As about Amazon S3, we can see that X-Large cluster can read data with ~265.0 MB/s transfer rate (for large data transfers). So X-Large cluster needs 63 minutes to read 1 TB from S3.

Medium Cluster (4 Compute Nodes)

Next, I executed the same query 7 times on the Medium cluster (first run is last):

You can see that this time Snowflake put almost all data to Local Cache after the first attempt. Below are more details from the query profile:

# Execution Time Bytes Scanned Remote Local
1 31m 121.7 GB 121.5 GB 242.1 MB
2 1m 3s 51.4 GB 136.3 MB 51.2 GB
3 1m 33s 51.3 GB 82.6 MB 51.3 GB
4 1m 1s 51.3 GB 79.3 MB 51.3 GB
5 1m 51.3 GB 32.1 MB 51.3 GB
6 1m 1s 51.3 GB 45.9 MB 51.3 GB
7 1m 32s 51.3 GB 62.0 MB 51.3 GB

Again, we can get percentage of time taken by Remote Disk I/O, Local Disk I/O and Processing (CPU) within the TableScan stage:

# TableScan Remote I/O Local I/O Processing Remote Rate Local Rate
1 99.2% 99% 0% 0% 66.5 MB/s
2 39.2% 18% 40% 41% 31.0 MB/s 5.2 GB/s
3 42.7% 4% 29% 66% 51.6 MB/s 4.5 GB/s
4 36.3% 7% 46% 46% 52.9 MB/s 5.0 GB/s
5 36.9% 6% 47% 47% 24.7 MB/s 5.0 GB/s
6 36% 7% 48% 45% 30.6 MB/s 4.8 GB/s
7 57% 2% 62% 36% 62.0 MB/s 1.6 GB/s

You can see how fast is the Local Cache compared with the Remote Disk (~75x times faster).
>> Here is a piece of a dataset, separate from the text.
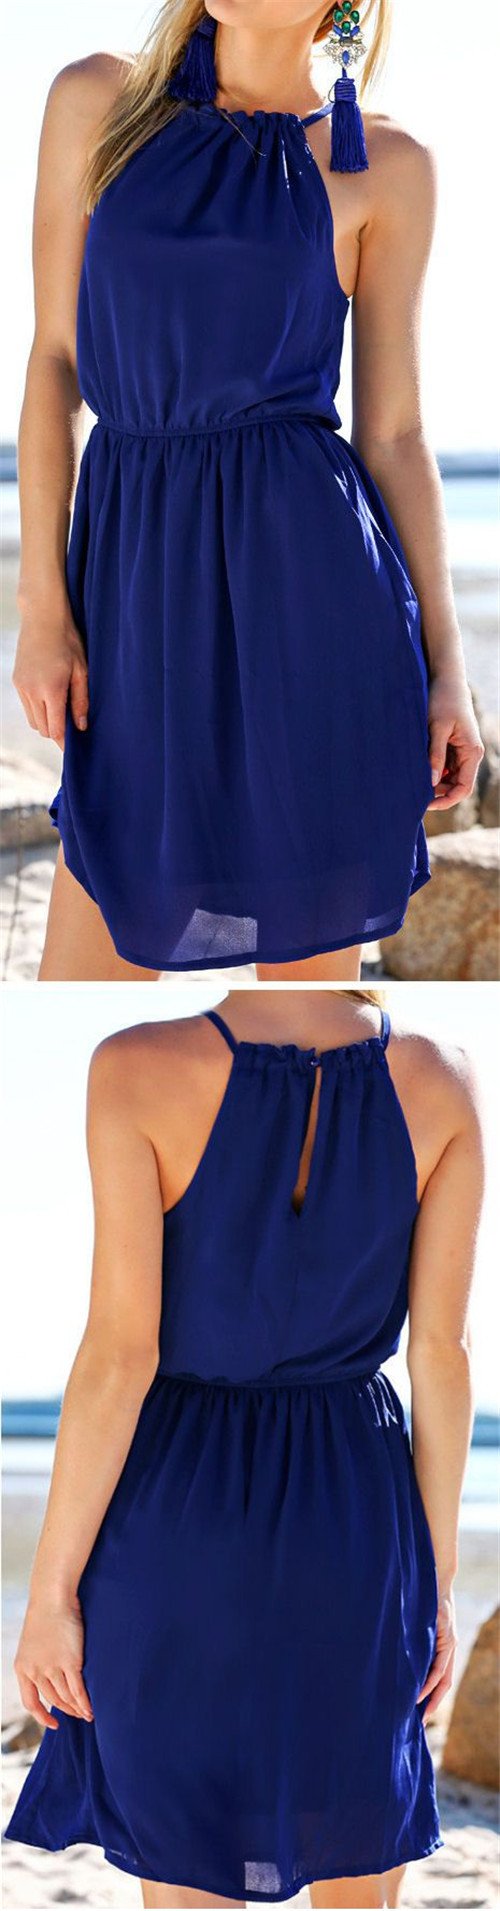 Pure Color O-neck Backless Sleeveless Short Dress - Meet Yours Fashion - 2

Medium cluster can read data with ~66.5 MB/s transfer rate (for large data transfers), so it needs 4 hours 10 minutes to read 1 TB from S3. It is 4x more time than X-Large cluster that has 4x more power.

Local Disk Cache Capacity

Snowflake does not disclose how much memory is available for Local Disk cache, and I tried to run a heavy SQL query over and over again to estimate the cache size, and the maximum I could see is ~700 GB for X-Large cluster (~45 GB per node):

and ~460 GB for Medium cluster (~115 GB per node):

It is unlikely that the cache size per node for Medium is larger than for X-Large, so probably Snowflake can allocate more cache for X-Large that I was able to get in my experiments.